Compilation album by Tom Moulton
- Released: 2006
- Genre: Disco
- Length: 115:35
- Label: Soul Jazz
- Producers: Tom Moulton, Frank Wilson, Leonard Caston Jr., Isaac Hayes, Larry La Falce, Len Boone, Don Cypher, Anthony Monn
- Compilers: Romain Tassinari and Aldrick de Narp

= A Tom Moulton Mix =

A Tom Moulton Mix is a 2006 compilation released by Soul Jazz Records. The album contains disco music that had been mixed by Tom Moulton, ranging from artists from such as Eddie Kendricks, Andrea True Connection, Isaac Hayes, and Grace Jones. The tracks are predominantly pulled from unreleased, acetate and promotional singles of several artists.

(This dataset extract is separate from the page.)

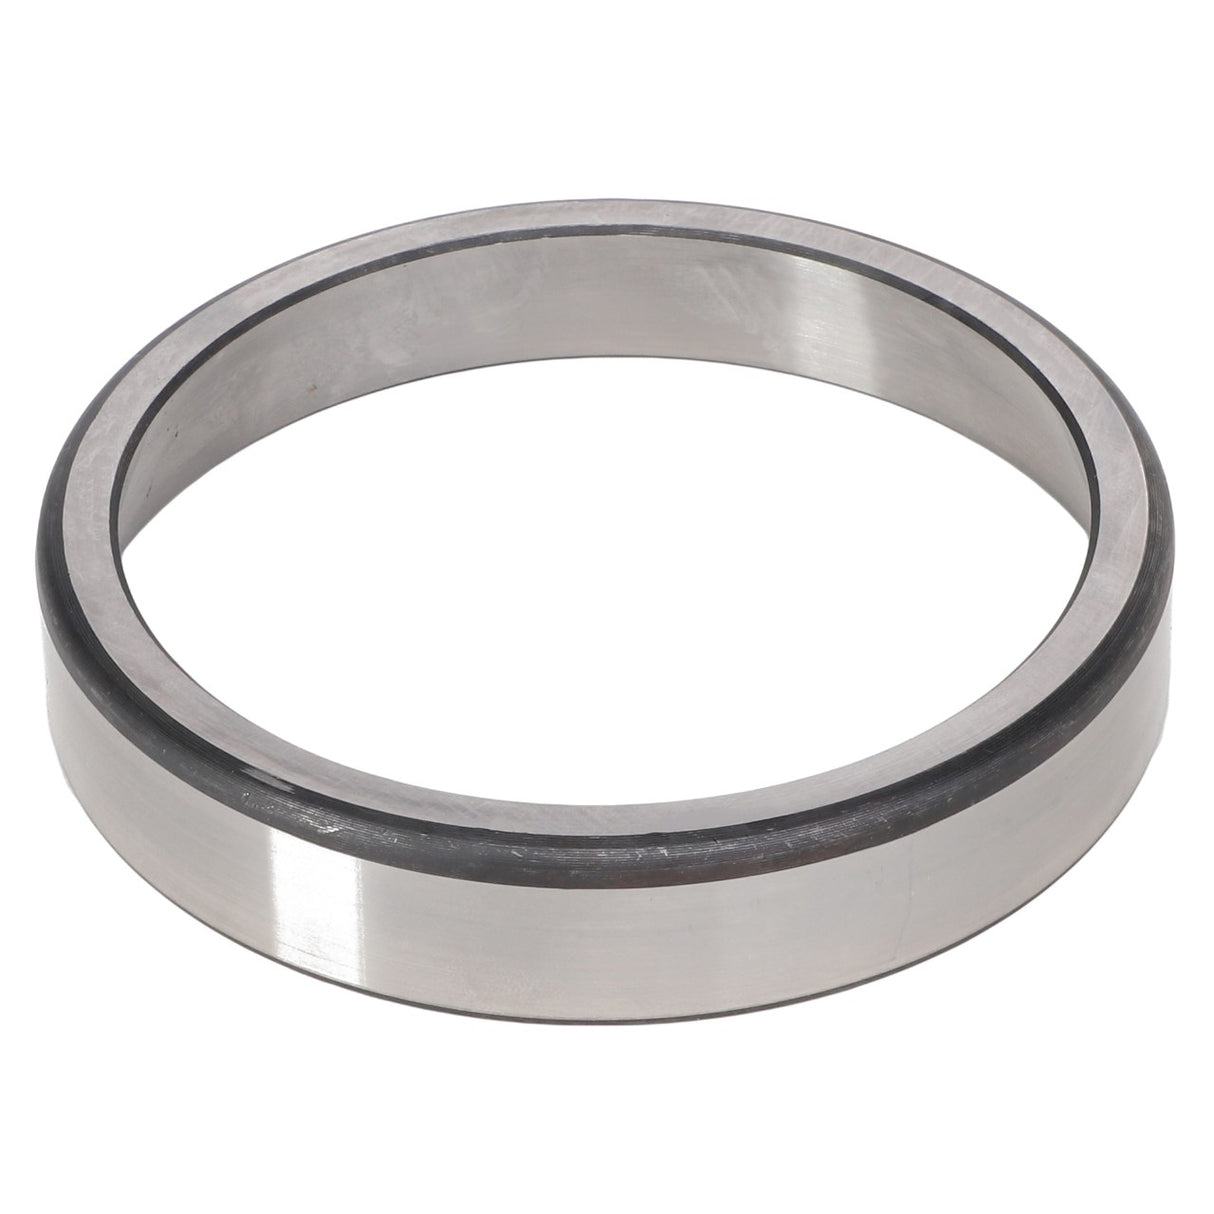 AGCO | BEARING CUP - AG706213

On its release, the album was praised by several music critics from The Guardian, Exclaim! and The Stranger, with Linhardt of Pitchfork calling it "simply some of the most electrifying music of the 1970s." and Andy Kellman declaring it "one of the finest disco compilations".

==Background and music==
A Tom Moulton Mix was the first ever compilation of tracks mixed by Tom Moulton. Several of the tracks on the album were unreleased versions such as "Keep on Truckin" by Kendricks, "I'll Be Holding On" by Al Downing and "Free Man" by South Shore Commission.

The albums cover was taken in 1977 at the first anniversary party of West End Records. The back row features Maye James and Grace Jones while the front row features Mel Cheren, Tamiko Jones and Moulton.

==Release and reception==

A Tom Moulton Mix was released in 2006. It was released as a double compact disc and on two double vinyl releases by Soul Jazz Records. John Brugess of The Guardian praised the album, stating that "artists graced with a Tom Moulton mix could expect their concise pop to be turned into an epic drama" and proclaimed that "Moulton had a good sense of when to hold back (Patti Jo's Make Me Believe In You is stripped and urgent) but also knew that disco floors often relished going over the top: MFSB's Love is the Message sounds like John Williams conducting a choir of cartwheeling angels." Andy Beta of The Stranger echoed praise of Moulton's mixes, finding that under Moulton's guidance, "almost any component of a song could mutate and overtake the original, from the Indian toms on BT Express's "Peace Pipe" and MFSB's orchestral opulence on "Love Is the Message" right down to the tangy banjo from Al Downing's "I'll Be Holding On." Such expansions remain prescient, transcendent, and, well, timeless." Alex Linhardt of Pitchfork proclaimed the structure of the album had "the complexity and elegance [that ]is nearly overwhelming throughout Soul Jazz's two-disc set." concluding that the compilation is "simply some of the most electrifying music of the 1970s." Andy Kellman of AllMusic proclaimed the album as "one of the finest disco compilations" and that "it just so happens that it was put together to honor the work of a pioneer who played as much of a role in the development of dance music as any songwriter, producer, session musician, vocalist, or DJ." Beyond the music, David Dacks of Exclaim! praised the compilation, noting that Soul Jazz Records had "done a tremendous job with this package", praising the liner notes cataloguing Moulton's career and work between 1974 and 1980.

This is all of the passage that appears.